Star News স্টার নিউজ
- Country: Bangladesh
- Broadcast area: Nationwide
- Headquarters: NGI House, Tejgaon Industrial Area, Dhaka

Programming
- Language: Bengali
- Picture format: 1080i HDTV (downscaled to 16:9 576i for SDTV sets)

Ownership
- Owner: Nabil Group of Industries
- Key people: Moksedul Kamal (CEO)

History
- Launched: 20 January 2026; 7 months ago

Links
- Website: starnews.com.bd

= Star News (Bangladesh) =

Star News (স্টার নিউজ) is a Bangladeshi Bengali-language privately owned 24-hour news television channel owned by Nabil Group of Industries. It commenced transmissions on 20 January 2026. The channel is headquartered in the NGI House at the Tejgaon Industrial Area of Dhaka.
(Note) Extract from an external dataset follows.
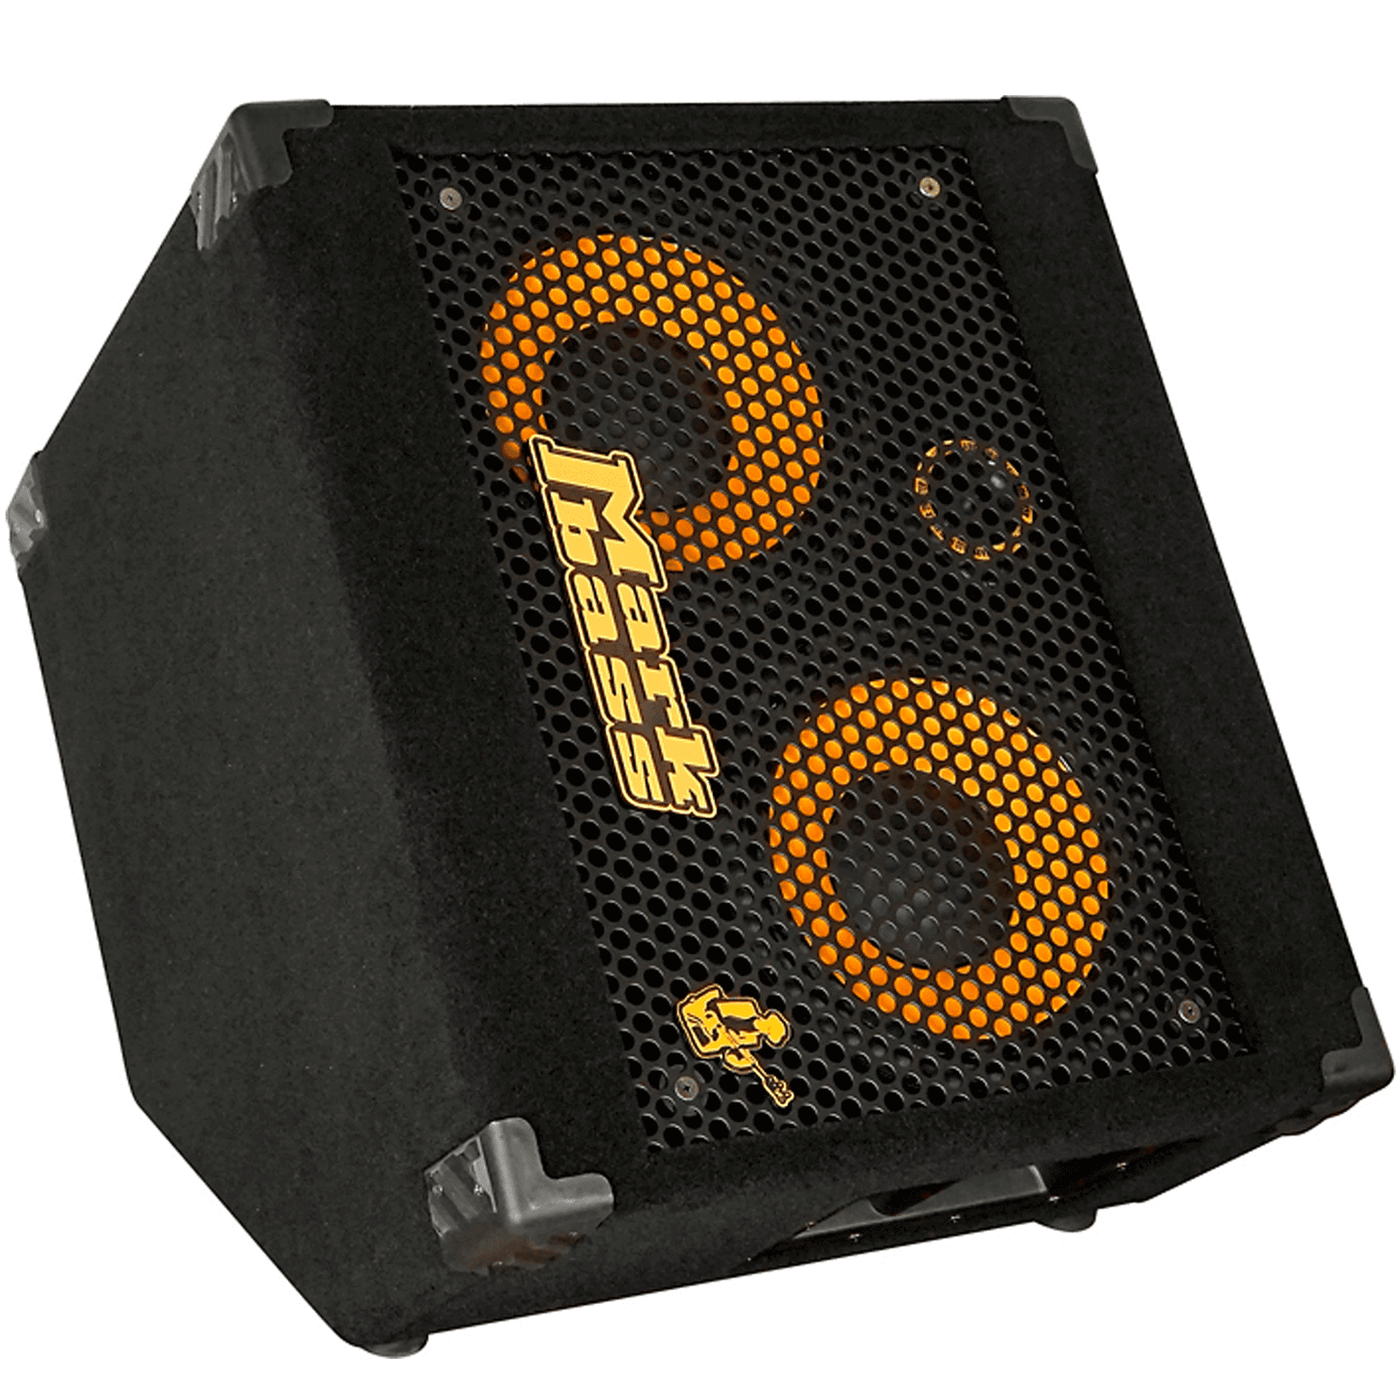 Markbass Marcus Miller 102 - "My signature Markbass cabinets have a really fat low end thanks to the rear-ported design - and the highs are ultra focused thanks to brand new 1 inch "Voice Coil" tweeter. Also the angled cabinet design allows me to use thes

Moksedul Kamal is the chief executive officer, and senior journalist Waliur Rahman Miraj is the head of news of Star News.

== History ==
Star News began test broadcasts on 3 June 2025. Its web portal was officially launched on 1 January 2026. The official broadcasts of the channel were inaugurated on 20 January 2026 at the NGI House at 19:00 (BST), as the tenth news-oriented television channel to be launched in Bangladesh and the first using a complete automation system through Aveco.

== Programming ==
Star News has a variety of programming related to news and current affairs. Besides news bulletins, it broadcasts talk shows, analytical programs on current affairs, and programming related to covering politics, economy, society, sports, entertainment, technology, and others.